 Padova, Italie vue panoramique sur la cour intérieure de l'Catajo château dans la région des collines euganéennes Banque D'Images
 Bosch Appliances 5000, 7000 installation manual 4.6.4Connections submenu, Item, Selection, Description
= = = = = = =
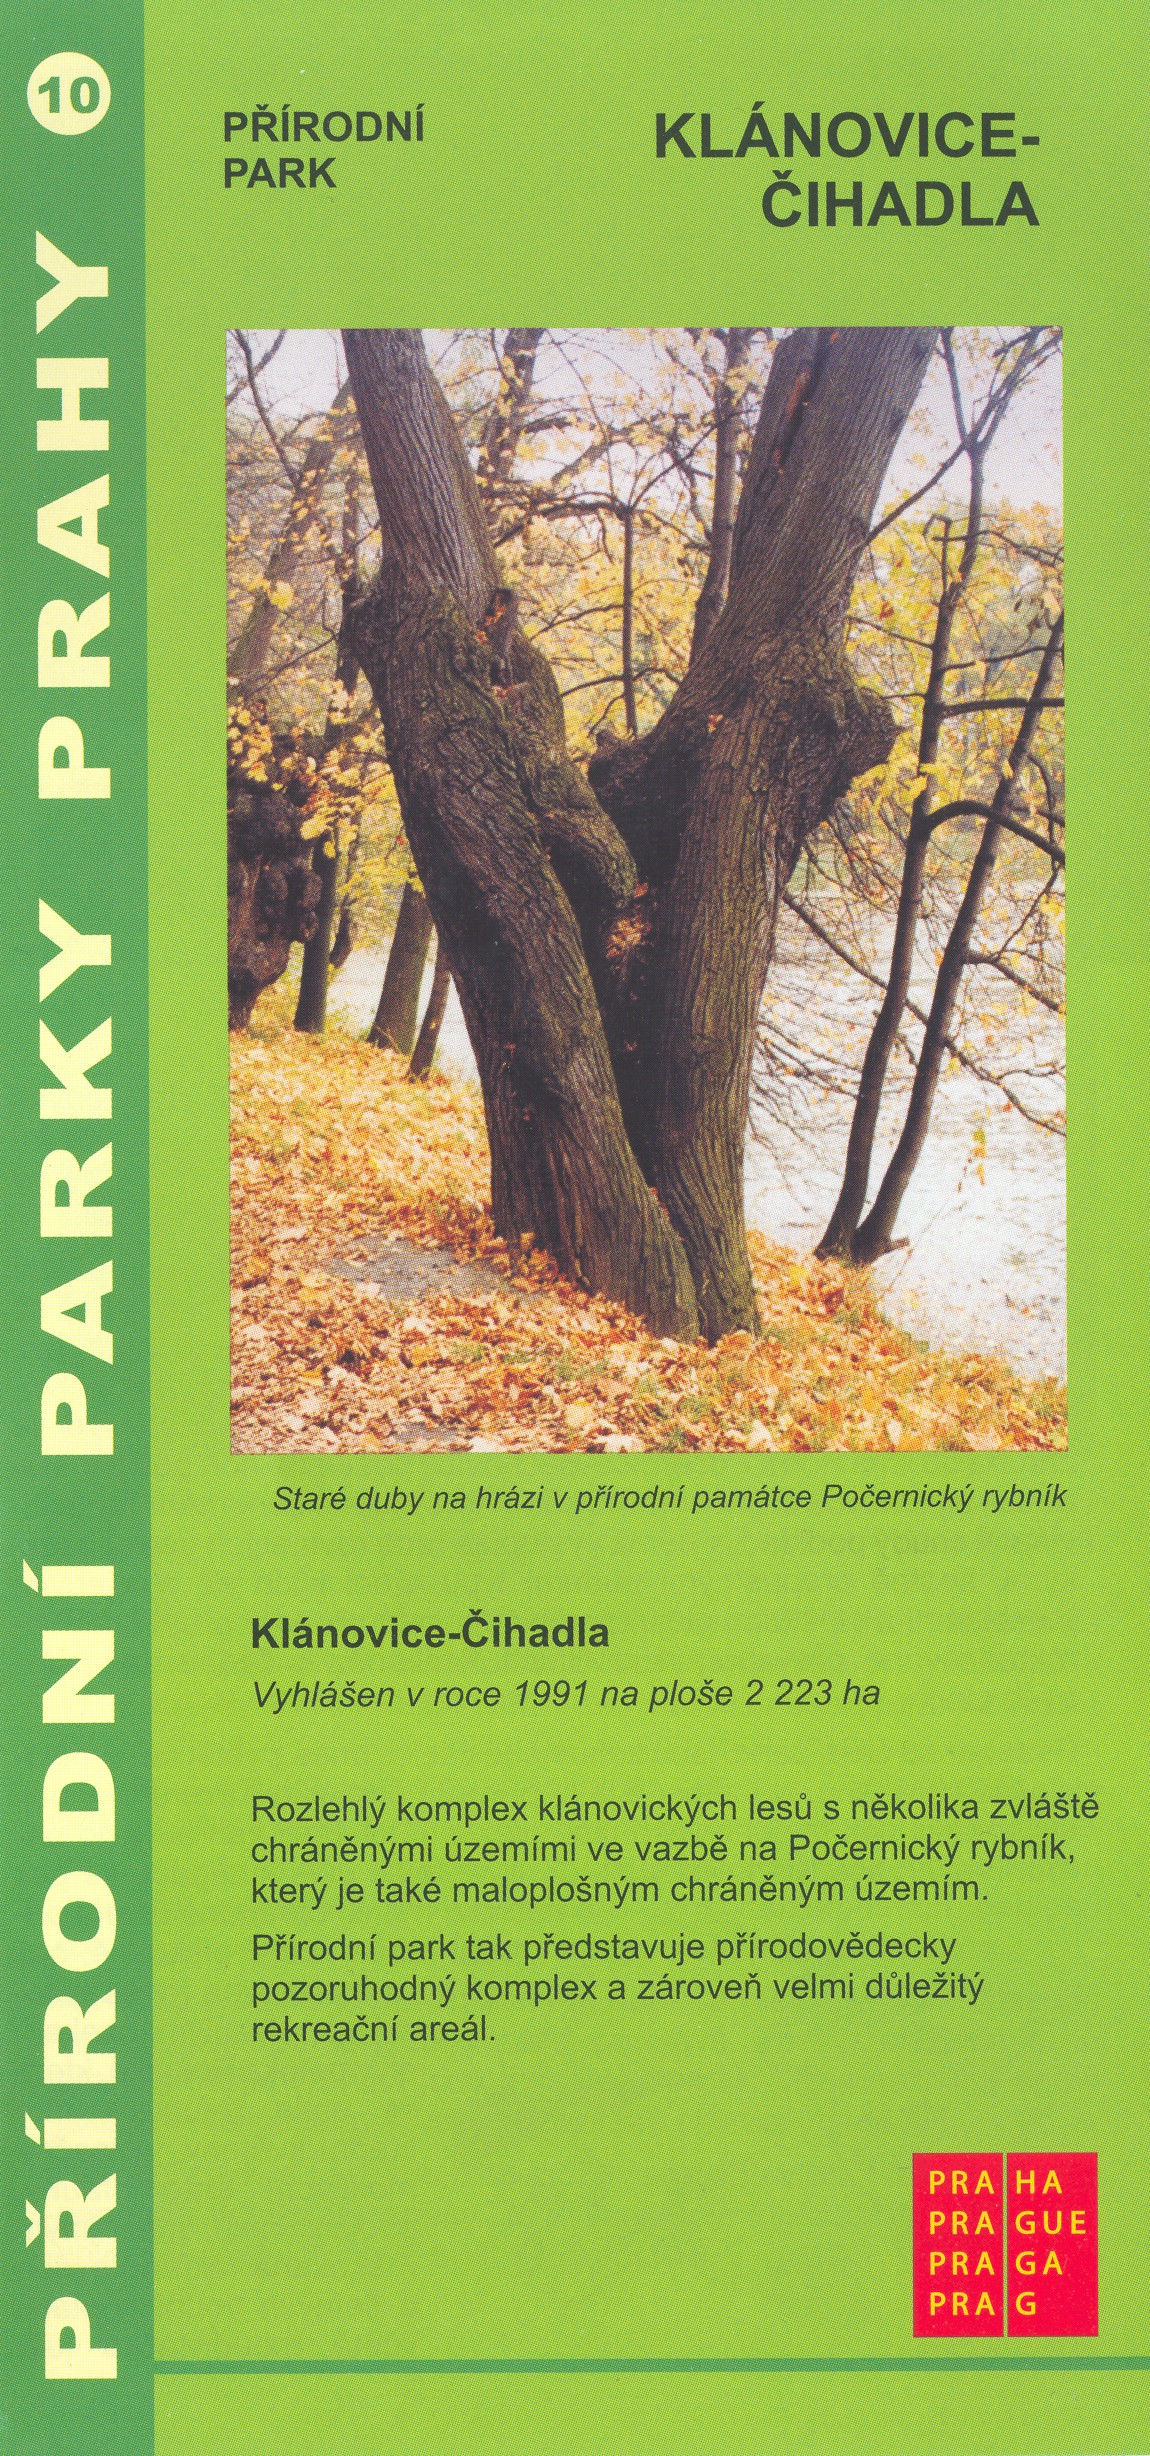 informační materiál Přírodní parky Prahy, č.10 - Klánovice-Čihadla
= = = = = = =
■ What is expected ■
Look above for the line holding "Padova, Italie vue", then set down exactly that line and every line after it up to and including the line holding "Bosch Appliances 5000, 7000", with nothing else.

■ Answer space ■
 Padova, Italie vue panoramique sur la cour intérieure de l'Catajo château dans la région des collines euganéennes Banque D'Images
 Bosch Appliances 5000, 7000 installation manual 4.6.4Connections submenu, Item, Selection, Description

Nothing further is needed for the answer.